外国驻俄罗斯的使臣里头,倒是有人在催促克伦斯基尽快下定决心,以‘雷霆手段’来维护俄罗斯政府中枢的权威。但他们纯属是站着说话不腰疼。

    只有上帝才知道俄罗斯的局面是多么的糟糕,眼下适合俄罗斯的政策只有一个——休养生息。

    如果可以,那是驻俄大使,克伦斯基是一个都不想见。

    俄罗斯之所以落得如此下场,可不仅仅是中国索要的战争赔款的缘故,英法等国也负有不可推卸的责任。他们的手比中国人伸的更长,早几十年前就在俄罗斯内部扶持政治力量,插手俄罗斯证据。俄罗斯现如今的糟糕局面离不了他们的贡献。

    克伦斯基一个人坐在办公室里琢磨了半天,最终也拿不定主意,更想不出万全之策。

    在这座城市里头,有太多的制肘在限制着他了。而事实上要解决这种乱局最最需要的就是强权。

    用强权建立一个秩序,哪怕它不合理,哪怕它有多么的糟糕,但这也比没有秩序要强。

    自由主义在现下这个变革的大时代中是很有市场力的,而一旦泛滥起来,那也是能让任何政府为之头疼的事儿。

    不过就在这个时候,克伦斯基办公桌上的电话突然响了起来。
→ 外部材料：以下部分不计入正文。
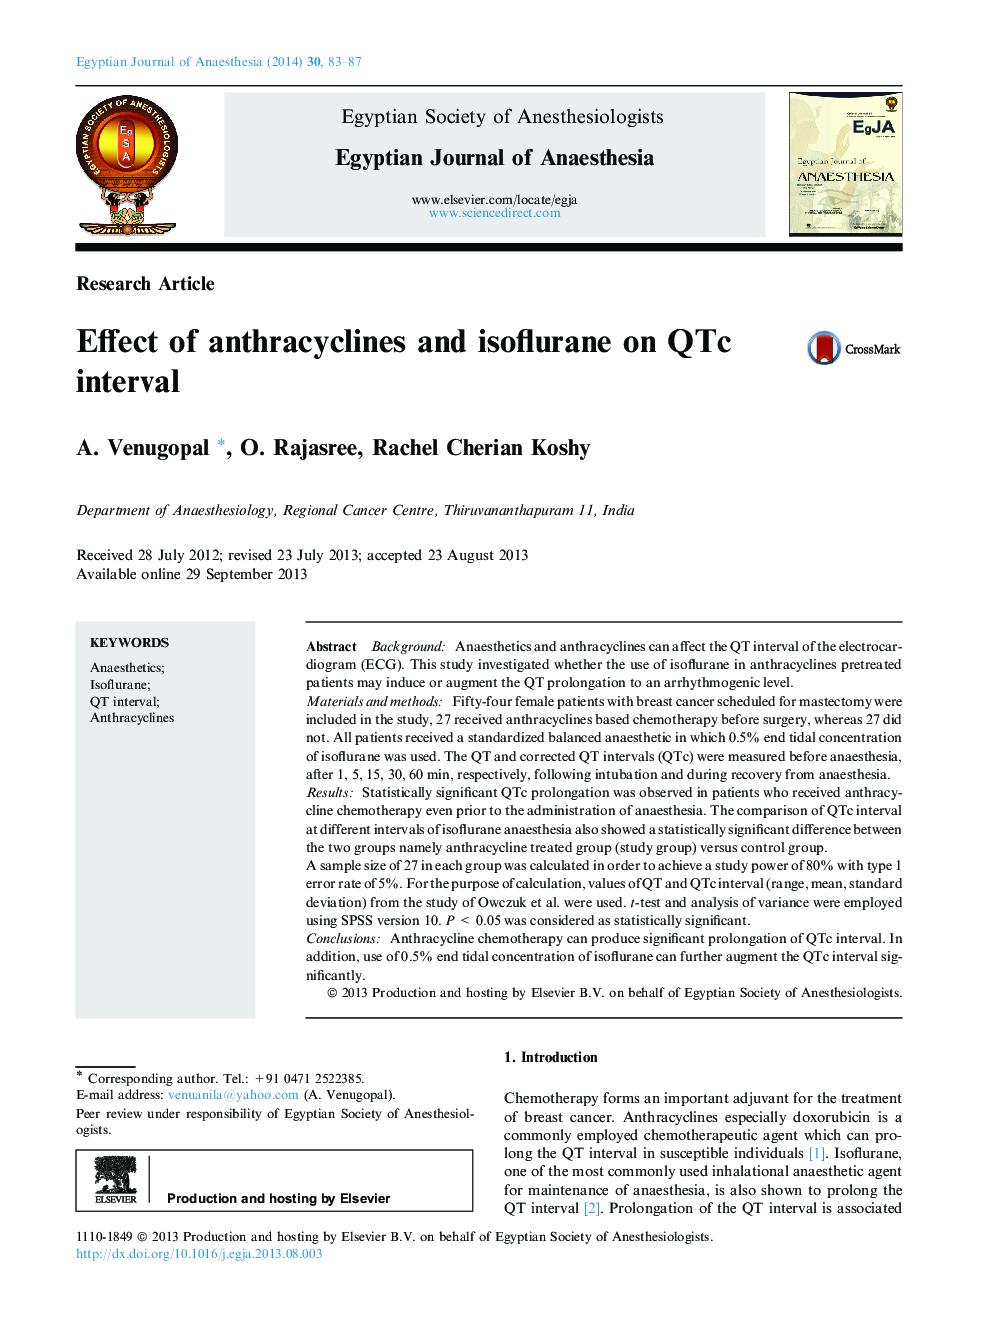 Effect of anthracyclines and isoflurane on QTc interval

克伦斯基被千百个念头所充斥的大脑登时为之一清,他拿起桌上的电话,电话那头传来了冬宫卫队长惊慌失措的声音。

    “阁下,我听到了枪声,示威人群中响起了枪声。但是我敢发誓,卫队没有开枪,我们这里的人谁也没有开枪。阁下,现在这里全乱了,全乱了……”

    本来冬宫外头的示威人群并不是很有秩序,即便有人在组织他们。但是,当枪声响起来的时候,这点秩序的力量也瞬间化作了乌有。卫队长也不知道自己眼前的示威人群有多少人,反正是彻底的乱了。

    就像没有了约束的羊群,就像突然受惊的马群……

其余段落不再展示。